Plato Solid is: Regular Polyhedron 正多面体
- Each Face is n-sided polygon
- Each Vertex is common to m-edges (m ≥ 3)
Only 5 solids possible:
Tetrahedron (n,m)=(3,3) 正四面体
Hexahedron (or Cube) (n,m)=(4,3) 正六面体
Octahedron (n,m)=(3,4)正八面体
Dodecahedron (n,m)=(5,3)正十二面体
Icosahedron (n,m)=(3,5)正二十面体
Proof:
Since each Edge (E) is common to 2 Faces (F)
=> n Faces counts double the edges
nF = 2E …(1)
Since each Vertex has m Edges, each Edge has 2 end-points (Vertex).
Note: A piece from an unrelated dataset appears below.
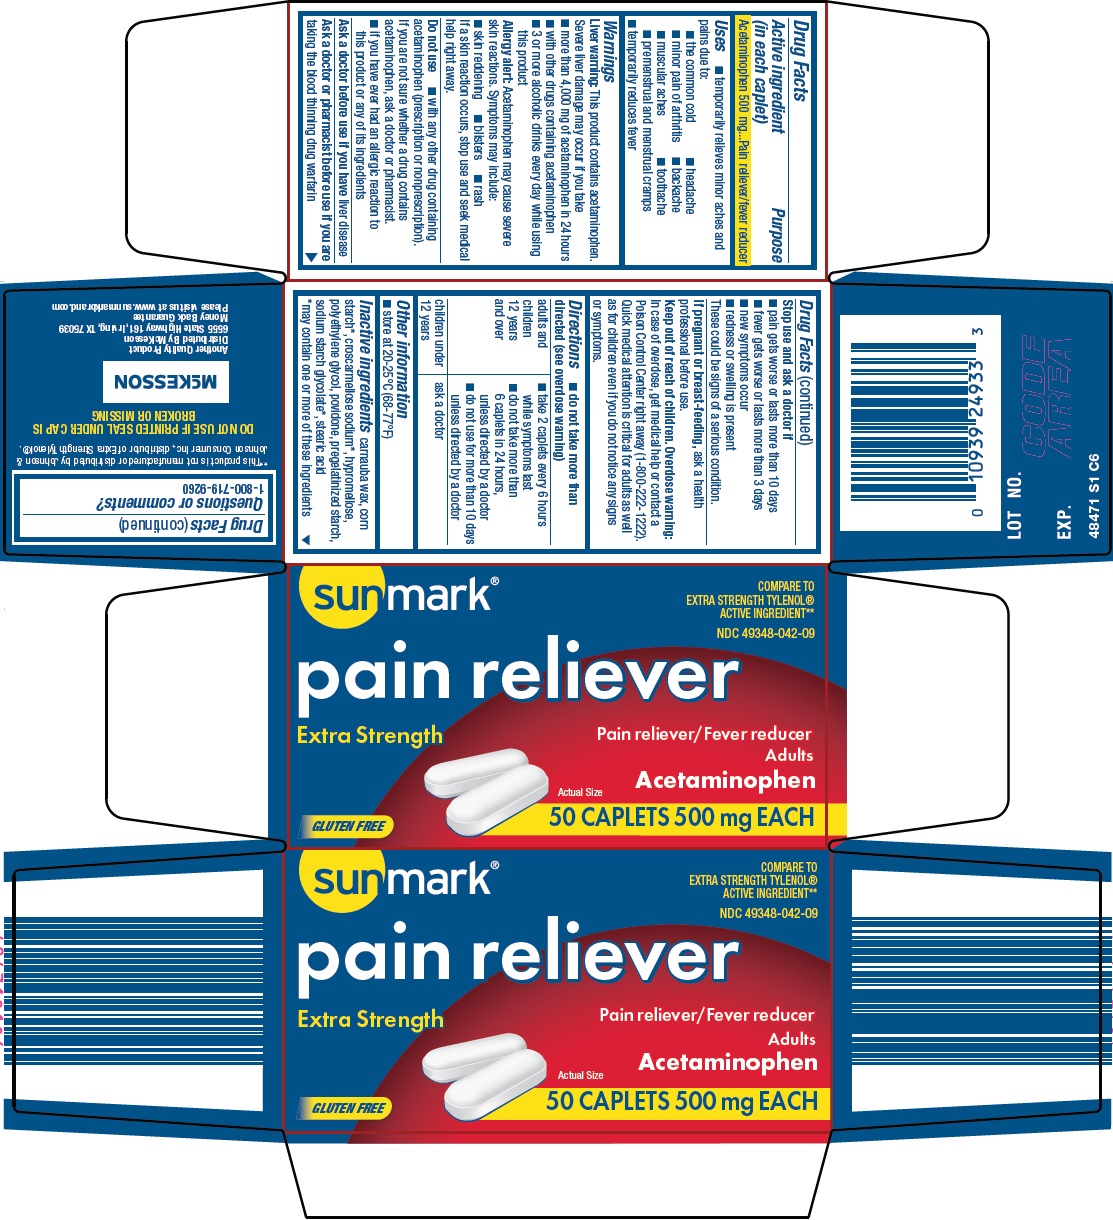 484-s1-pain-reliever.jpg

=> m Vertex counts double the edges
mV = 2E …(2)
(1) : E= n/2 F
(2): V= 2/m. E = n/m. F
(1) & (2) into Euler Formula: V -E + F = 2
(n/m. F) – (n/2.F) + F = 2
F.(2m + 2n – mn) = 4m
Since F>0 , m>0
=> (2m + 2n – mn) >0
=> – (mn -2n -2m) >…
=> (mn -2n -2m) <…
=>…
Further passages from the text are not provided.